WHO revised its guidelines earlier this year, to ensure quality PMTCT services for HIV-positive pregnant women and their infants. In low- and middle-income countries, 53 per cent of pregnant women living with HIV received ARVs to prevent mother-to-child transmission in 2009 compared to 45 per cent in 2008. One of the most significant increases occurred in eastern and southern Africa, where the proportion jumped 10 percentage points, from 58 per cent in 2008 to 68 per cent in 2009.
“We have strong evidence that elimination of mother-to-child transmission is achievable,” WHO Director-General Margaret Chan said. “Achieving the goal will require much better prevention among women and mothers in the first place.”
WHO also issued new ARV guidelines for treating infants and children, paving the way for many more children with HIV to be eligible for immediate antiretroviral treatment (ART).
In low- and middle-income countries, the number of children under the age of 15 who received treatment rose from 275,300 in 2008 to 356,400 in 2009. This increase means that 28 per cent of the 1.27 million children estimated to be in need of ART receive it.
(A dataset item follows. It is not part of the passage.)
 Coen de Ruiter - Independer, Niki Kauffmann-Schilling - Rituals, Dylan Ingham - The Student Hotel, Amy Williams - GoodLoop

Infants are particularly vulnerable to the effects of HIV, which has lent urgency to the global campaign for early infant diagnosis. While the availability of early infant diagnosis services has increased dramatically in many countries, global coverage still remains low, at only 6 per cent in 2009. Without treatment, about half of the infected infants die before their second birthday.
In most parts of the world, new HIV infections are steadily falling or stabilizing. In 2001, an estimated 5.7 million young people aged 15–24 were living with HIV. At the end of 2009, that number fell to 5 million. However, in nine countries -- all of them in southern Africa -- at least 1 in 20 young people is living with HIV.
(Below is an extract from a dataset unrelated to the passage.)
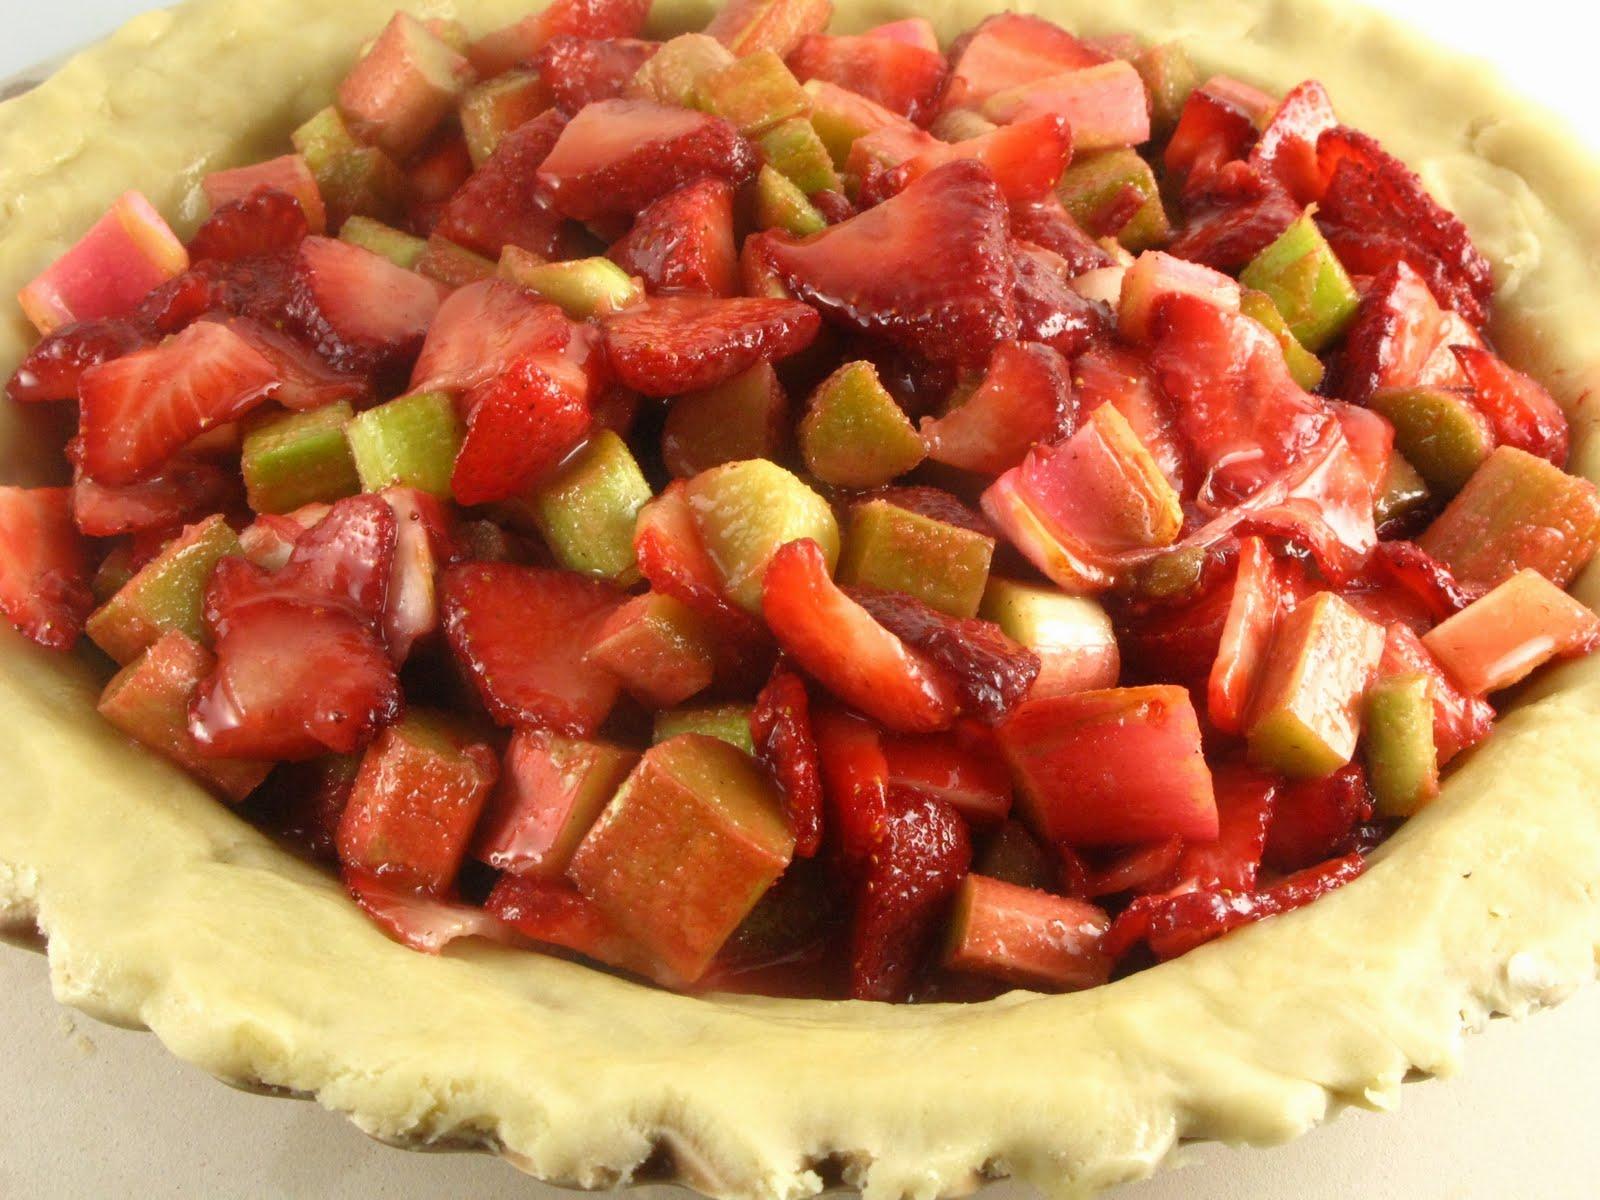 Keeping it Simple (KISBYTO): National Strawberry Rhubarb Pie Day

Young women still shoulder the greater burden of infection, and in many countries women face their greatest risk of infection before age 25. Worldwide, more than 60 per cent of all young people living with HIV are female. In sub-Saharan Africa, that figure is nearly 70 per cent.
“We need to address gender inequalities, including those that place women and girls at disproportionate risk to HIV and other adverse sexual and reproductive health outcomes,” Unesco Director General Irina Bokova said. “While we are encouraged by a decline in HIV incidence among young people of more than 25 per cent in 15 key countries in sub-Saharan Africa between 2001 and 2009, we must do everything possible to sustain and increase such positive trends in order to achieve universal access to prevention, treatment, care and support.”
Adolescents are still becoming infected with HIV because they have neither the knowledge nor the access to services to protect themselves. “We must increase investments in young people’s education and health, including sexual and reproductive health, to prevent HIV infections and advance social protection,” UNFPA Executive Director Thoraya Ahmed Obaid said.